Beth 4.00 0 Dan 3.75 0 Kathy 4.00 10 Mark 5.00 20 Mary 5.50 22 Suzie 4.25 18
When the awk program (called say, SAMPLE.AWK) is executed
with the command
$ awk -f sample.awk
emp.data
it produces the following output:
6 employees total pay is 337.5 average pay is 56.25
Here's a straightforward translation of SAMPLE.AWK using the CLAWK package:
(defawk sample (&aux (pay 0))
(t (incf pay ($* $2 $3)))
(END ($print *NR* "employees")
($print "total pay is" pay)
($print "average pay is " (/ pay *NR*))) )
When this function is executed with (sample "emp.data"), it produces the same output:
6 employees total pay is 337.5 average pay is 56.25 NIL
(the NIL is the return value from the SAMPLE function).
That's nearly as concise as the original AWK. Here's a version that doesn't use the DEFAWK macro, and tries to be a bit more Lispish.
(defun sample (filename &aux (pay 0))
(do-file-fields (filename (name payrate hrsworked))
(declare (ignore name))
(incf pay (* (num payrate) (num hrsworked))))
(format t "~%~D employees" *NR*)
(format t "~%total pay is ~F" pay)
(format t "~%average pay is ~F" (/ pay *NR*)) )
... which prints out the same thing as above.
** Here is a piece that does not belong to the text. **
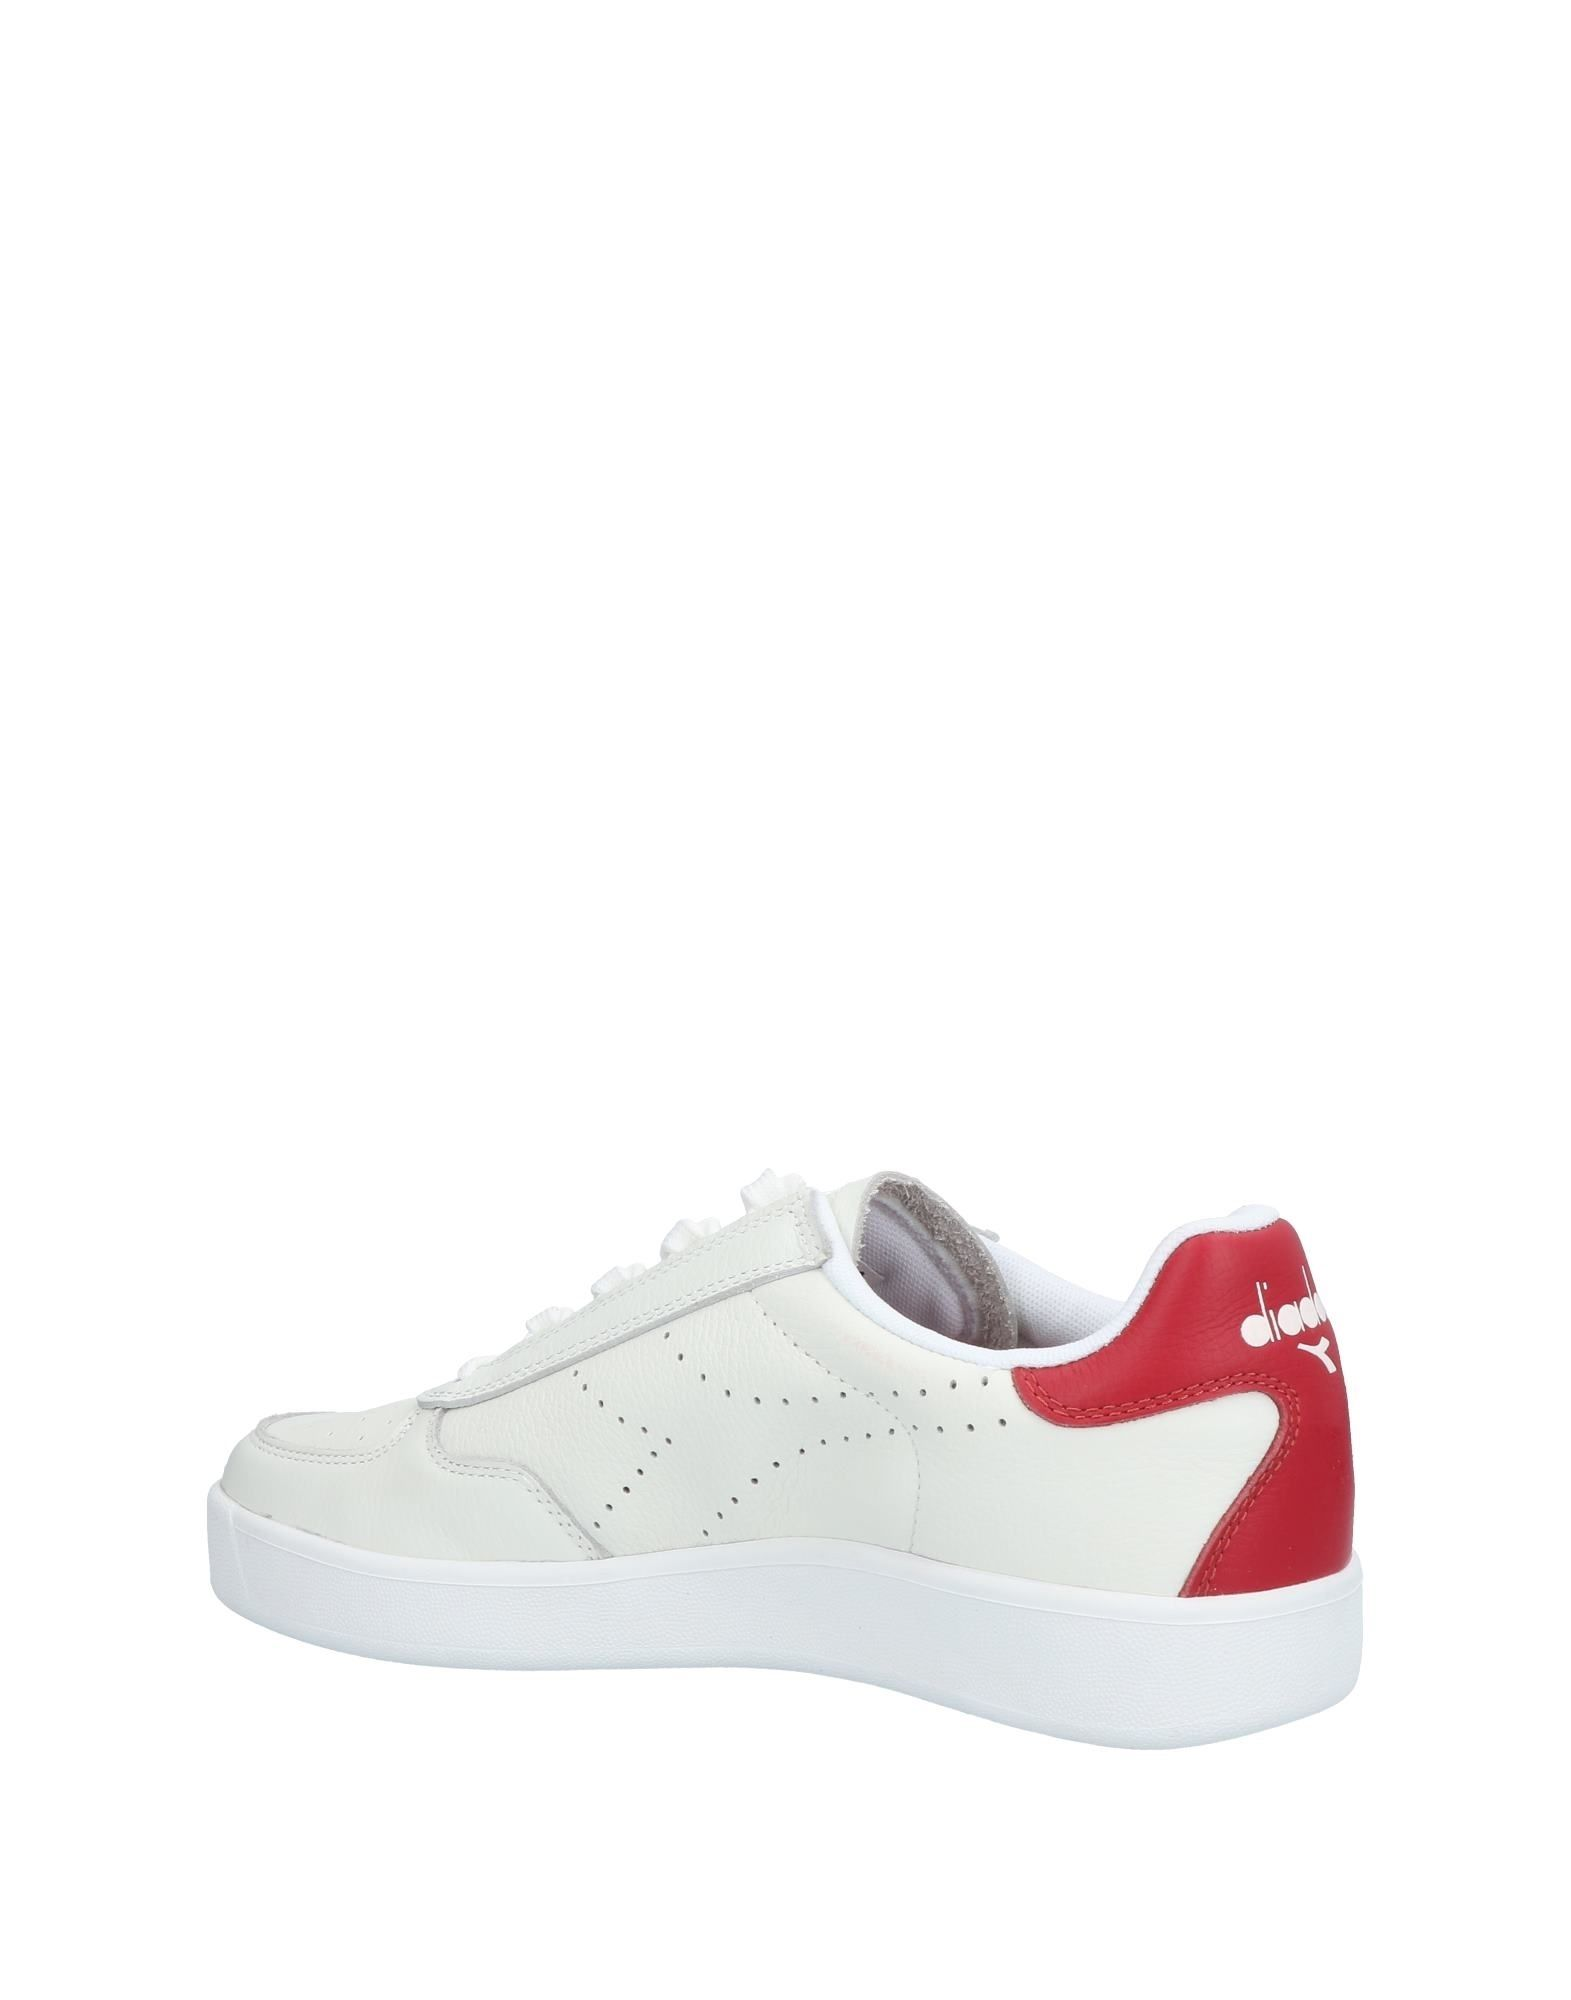 Rabatt Herren echte Schuhe Diadora Sneakers Herren Rabatt  11429192XX b79888
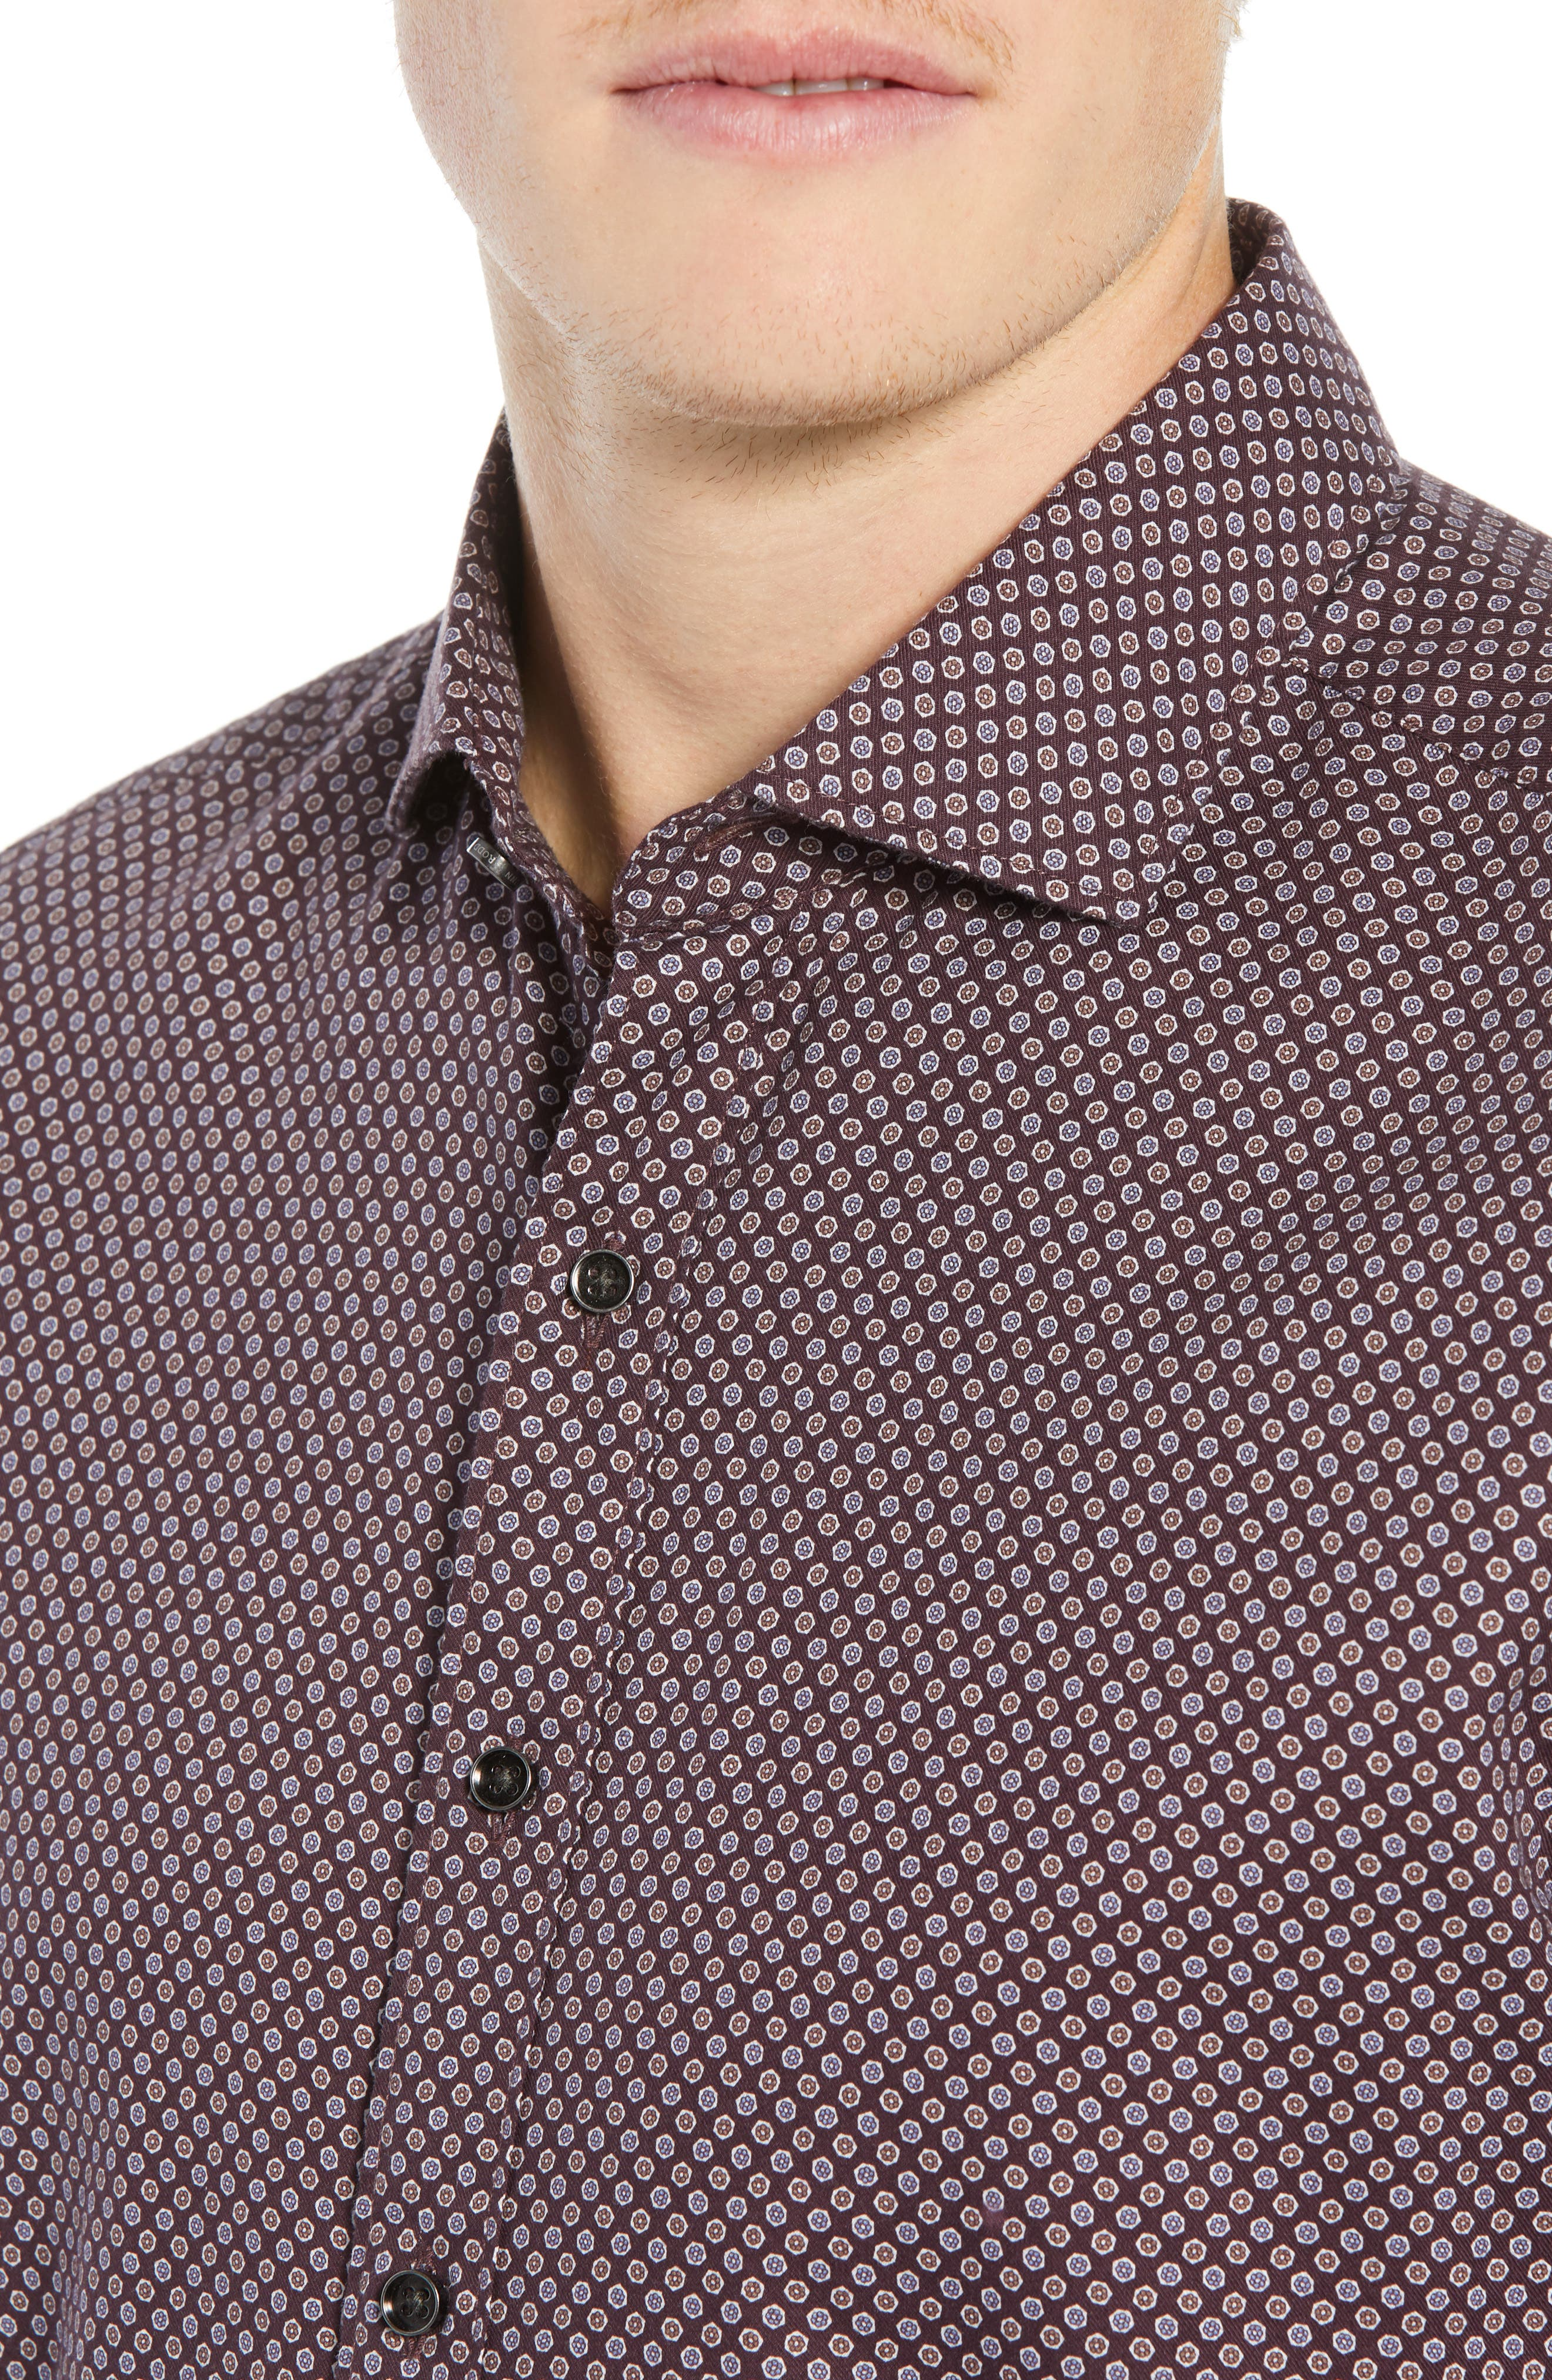 Marsden Bay Regular Fit Sport Shirt,                             Alternate thumbnail 2, color,                             BORDEAUX

Here's another example from The AWK Programming Language that shows off the regular expressions a little better. This program performs some basic validity checks on a Unix password file.
BEGIN {
FS = ";" }
NF != 7 {
printf("line %d, does not have 7 fields: %s\n", NR, $0)}
$1 ~ /[^A-Za-z0-9]/ {
printf("line %d, nonalphanumeric user id: %s\n", NR, $0)}
$2 == "" {
printf("line %d, no password: %s\n", NR, $0)}
$3 ~ /[^0-9]/ {
printf("line %d, nonnumeric user id: %s\n", NR, $0)}
$4 ~ /[^0-9]/ {
printf("line %d, nonnumeric group id: %s\n", NR, $0)}
$6 !~ /^\// {
printf("line %d, invalid login directory: %s\n", NR, $0)}
And this is the same program using CLAWK:
(defawk checkpass ()
(BEGIN
(setq *FS* ";"))
((/= *NF* 7)
(format t "~%line ~D, does not have 7 fields: ~S" *NR* $0))
((~ $1 #/[^A-Za-z0-9]/)
(format t "~%line ~D, nonalphanumeric user id: ~S" *NR* $0))
(($== $2 "")
(format t "~%line ~D, no password: ~S" *NR* $0))
((~ $3 #/[^0-9]/)
(format t "~%line ~D, nonnumeric user id: ~S" *NR* $0))
((~ $4 #/[^0-9]/)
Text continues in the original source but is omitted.